Elihu matches the brightness of the sun with the glory of God. His
argument is that we need to consider the sun. Even when the clouds cover the
sun, we know it is there. We can search the skies and not even catch a glimpse
of it, and yet the light that emanates from it is plainly visible. The sun can
be hidden, but not the effects of the sun. We can even see the sun after it has
set as we watch the moon. But when the wind clears the clouds away, the one
thing we can’t do is look directly into the sun. And because of that, for a
long period of our history the sun was a hard object to study.

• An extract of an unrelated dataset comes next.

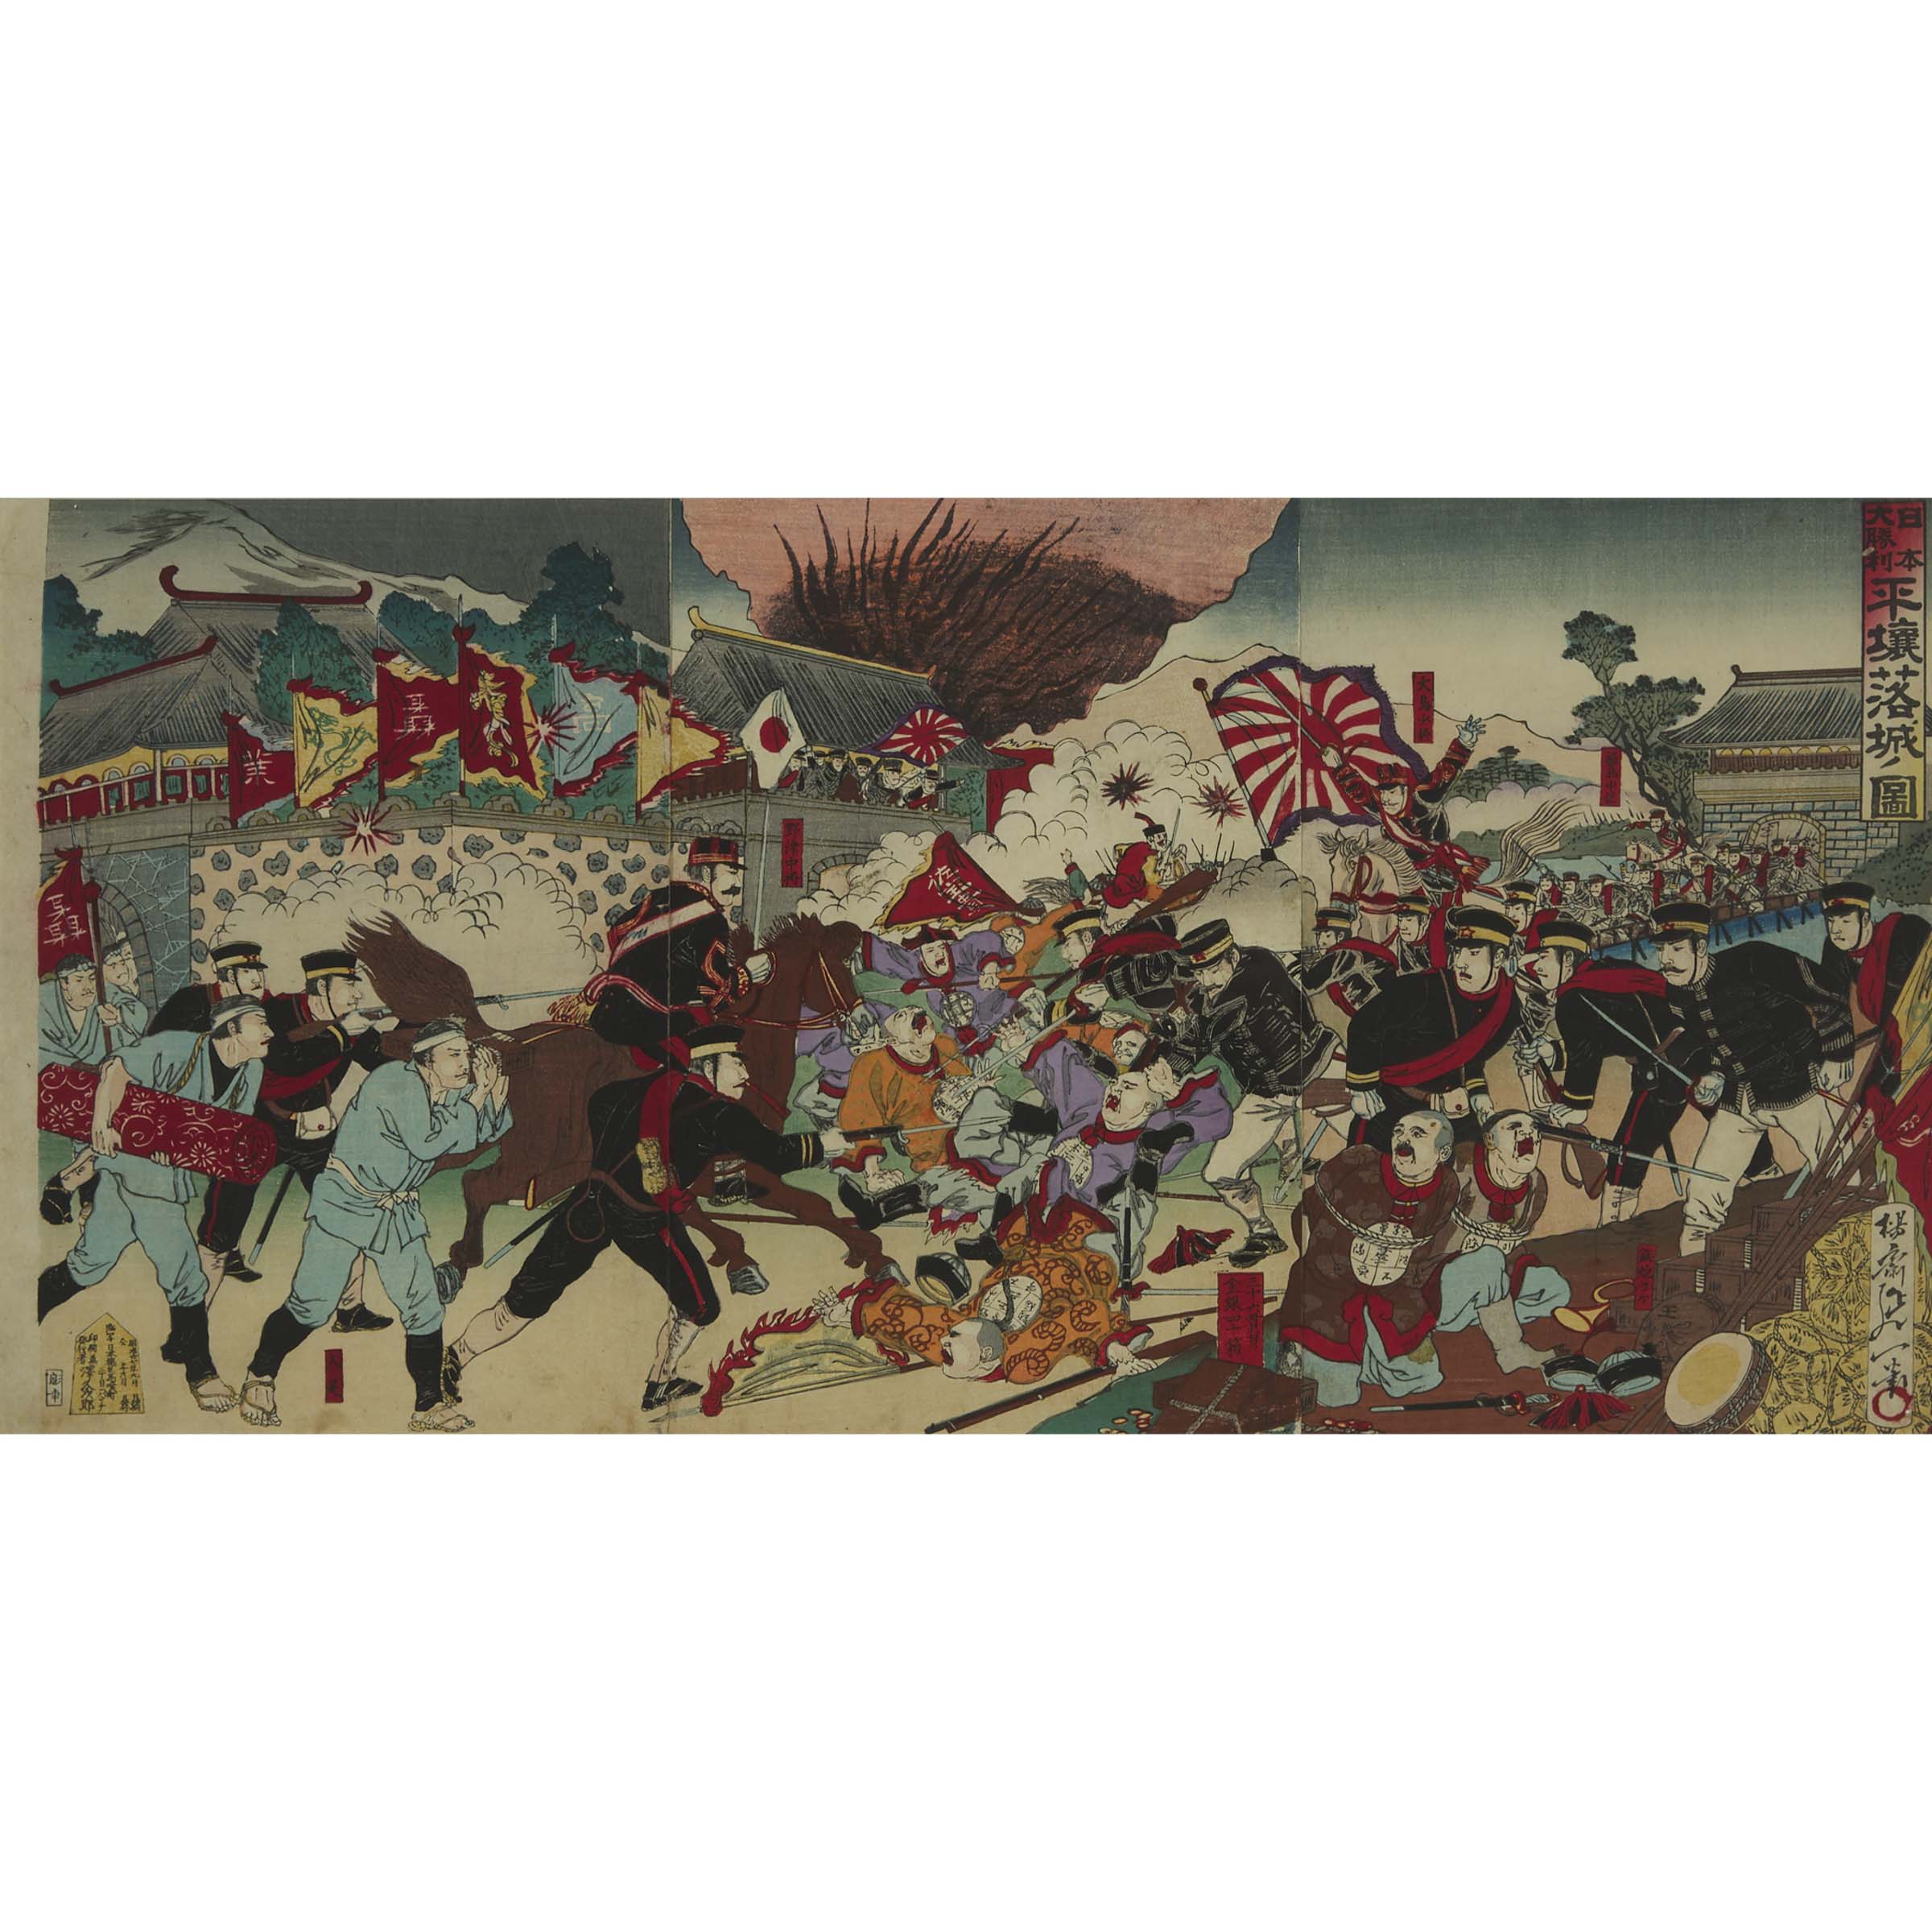 Migata Toshihide (1863-1925), Watanabe Nobukazu (1874-1944), Two Sino-Japanese War Triptychs, Meiji Period

Elihu questions how much we can really know of God. Like the sun, we can’t
look straight into his presence – his glory shines too brightly. But that doesn’t
mean that we can’t see what he does. And that we can’t infer what God is like
through the effect that he has on the world around us, just like we know about
the sun even when we can’t see it. But the difference is that we can see the
sun sometimes, even if we can’t stare at it.
The reader of the story of Job needs to be continually reminded that
they know more than the characters in the story. They know the conversation
between God and Satan that starts the story off. But the Christian also has two
revelations of God that the characters of the story just didn’t have; the Law
of Moses and the Ministry and Presence of Jesus Christ. These two revelations
are our glimpses of the sun. They tell us who God is and give us a starting
point from which we can interpret his actions.
There is a danger in interpreting the character of God strictly by his
actions just as there is a danger in interpreting our character by our actions.
What is missing is the glimpse of who we are, we need the starting point. And
for God, revelation tells us that the starting point is love.